# Stdlib.Weak.3o - Man Page

no description

## Module

Module Stdlib.Weak

## Documentation

Module **Weak**

: **(module Stdlib__Weak)**

### Low-level functions

*type* **'a** *t*

The type of arrays of weak pointers (weak arrays). A weak pointer is a value that the garbage collector may erase whenever the value is not used any more (through normal pointers) by the program. Note that finalisation functions are run before the weak pointers are erased, because the finalisation functions can make values alive again (before 4.03 the finalisation functions were run after).

A weak pointer is said to be full if it points to a value, empty if the value was erased by the GC.

Notes:

-Integers are not allocated and cannot be stored in weak arrays.

-Weak arrays cannot be marshaled using **output_value** nor the functions of the **Marshal** module.

*val create* : **int -> 'a t**

**Weak.create n** returns a new weak array of length **n** . All the pointers are initially empty.

**Raises Invalid_argument** if **n** is not comprised between zero and **Obj.Ephemeron.max_ephe_length** (limits included).

*val length* : **'a t -> int**

**Weak.length ar** returns the length (number of elements) of **ar** .

*val set* : **'a t -> int -> 'a option -> unit**

**Weak.set ar n (Some el)** sets the **n** th cell of **ar** to be a (full) pointer to **el** ; **Weak.set ar n None** sets the **n** th cell of **ar** to empty.

**Raises Invalid_argument** if **n** is not in the range 0 to **Weak.length ar - 1** .

*val get* : **'a t -> int -> 'a option**

**Weak.get ar n** returns None if the **n** th cell of **ar** is empty, **Some x** (where **x** is the value) if it is full.

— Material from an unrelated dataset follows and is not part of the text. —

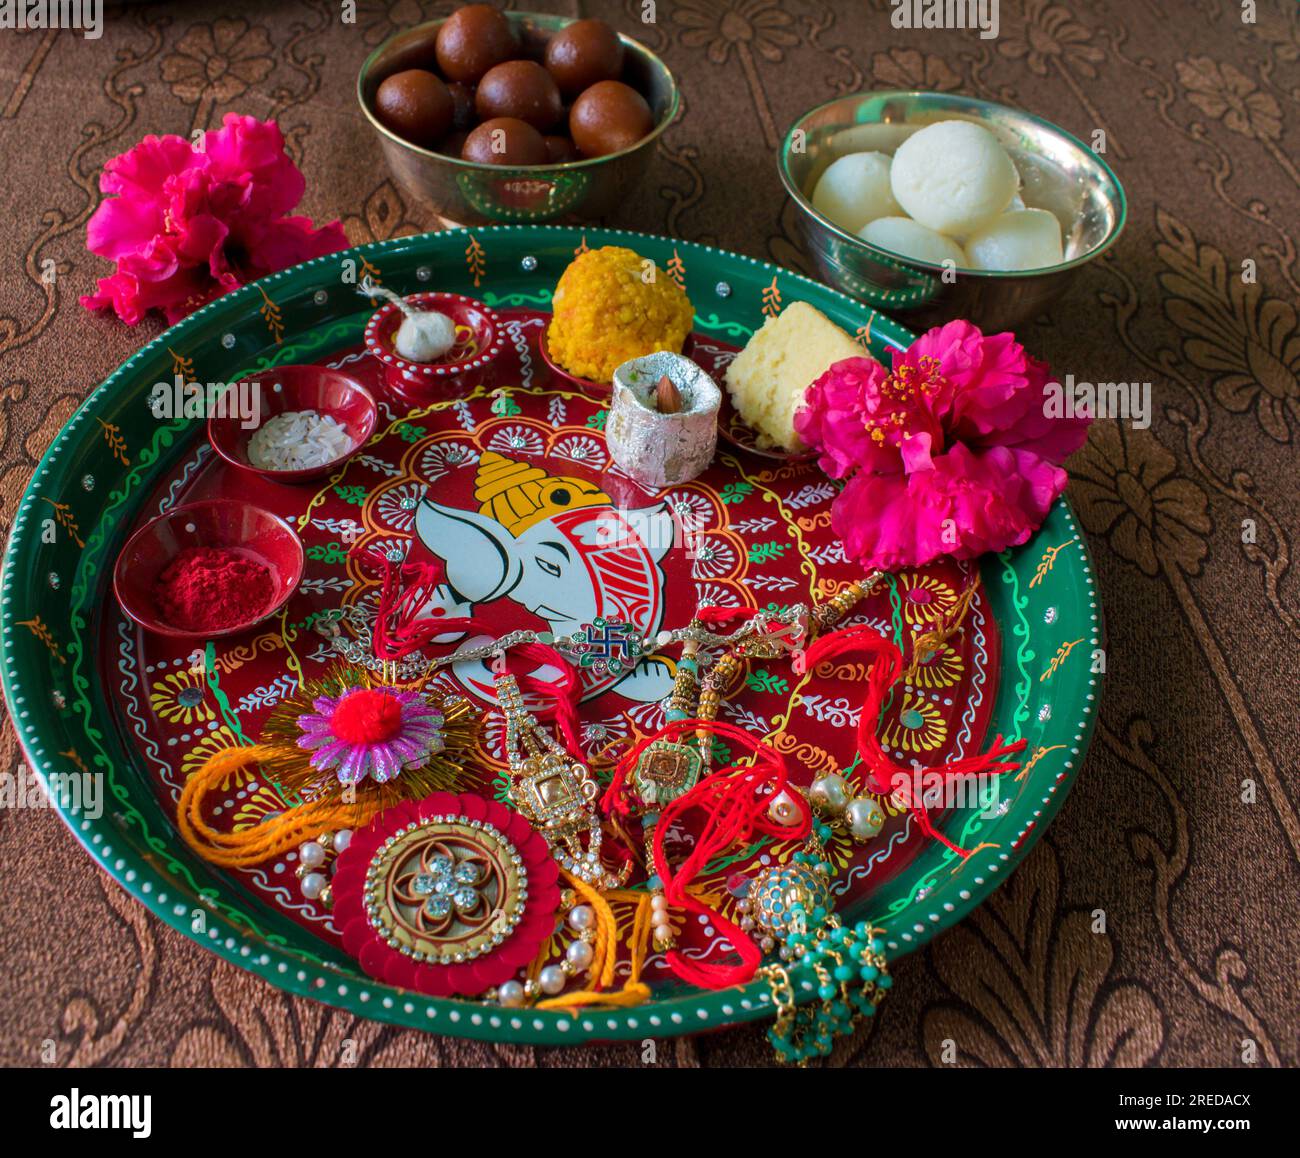 Decorate Rakhi plate on Rakshabandhan like this wish for brother long life  and progress  Raksha Bandhan Thali रकषबधन पर इस तरह सजए रख क  थल कर भई क लब उमर और

**Raises Invalid_argument** if **n** is not in the range 0 to **Weak.length ar - 1** .

*val get_copy* : **'a t -> int -> 'a option**

**Weak.get_copy ar n** returns None if the **n** th cell of **ar** is empty, **Some x** (where **x** is a (shallow) copy of the value) if it is full. In addition to pitfalls with mutable values, the interesting difference with **get** is that **get_copy** does not prevent the incremental GC from erasing the value in its current cycle ( **get** may delay the erasure to the next GC cycle).

**Raises Invalid_argument** if **n** is not in the range 0 to **Weak.length ar - 1** .

If the element is a custom block it is not copied.

*val check* : **'a t -> int -> bool**

**Weak.check ar n** returns **true** if the **n** th cell of **ar** is full, **false** if it is empty. Note that even if **Weak.check ar n** returns **true** , a subsequent **Weak.get ar n** can return **None** .

**Raises Invalid_argument** if **n** is not in the range 0 to **Weak.length ar - 1** .

*val fill* : **'a t -> int -> int -> 'a option -> unit**

**Weak.fill ar ofs len el** sets to **el** all pointers of **ar** from **ofs** to **ofs + len - 1** .

**Raises Invalid_argument** if **ofs** and **len** do not designate a valid subarray of **ar** .

*val blit* : **'a t -> int -> 'a t -> int -> int -> unit**

**Weak.blit ar1 off1 ar2 off2 len** copies **len** weak pointers from **ar1** (starting at **off1** ) to **ar2** (starting at **off2** ). It works correctly even if **ar1** and **ar2** are the same.

**Raises Invalid_argument** if **off1** and **len** do not designate a valid subarray of **ar1** , or if **off2** and **len** do not designate a valid subarray of **ar2** .

### Weak hash sets

A weak hash set is a hashed set of values. Each value may magically disappear from the set when it is not used by the rest of the program any more. This is normally used to share data structures without inducing memory leaks. Weak hash sets are defined on values from a **Hashtbl.HashedType** module; the **equal** relation and **hash** function are taken from that module. We will say that **v** is an instance of **x** if **equal x v** is **true** .

The **equal** relation must be able to work on a shallow copy of the values and give the same result as with the values themselves.

Unsynchronized accesses

Unsynchronized accesses to weak hash sets are a programming error. Unsynchronized accesses to a weak hash set may lead to an invalid weak hash set state. Thus, concurrent accesses to weak hash sets must be synchronized (for instance with a **Mutex.t** ).

*module type S =* **sig end**

The output signature of the functor **Weak.Make** .

*module Make :* **functor (H : Hashtbl.HashedType) -> sig end**

Functor building an implementation of the weak hash set structure. **H.equal** can't be the physical equality, since only shallow copies of the elements in the set are given to it.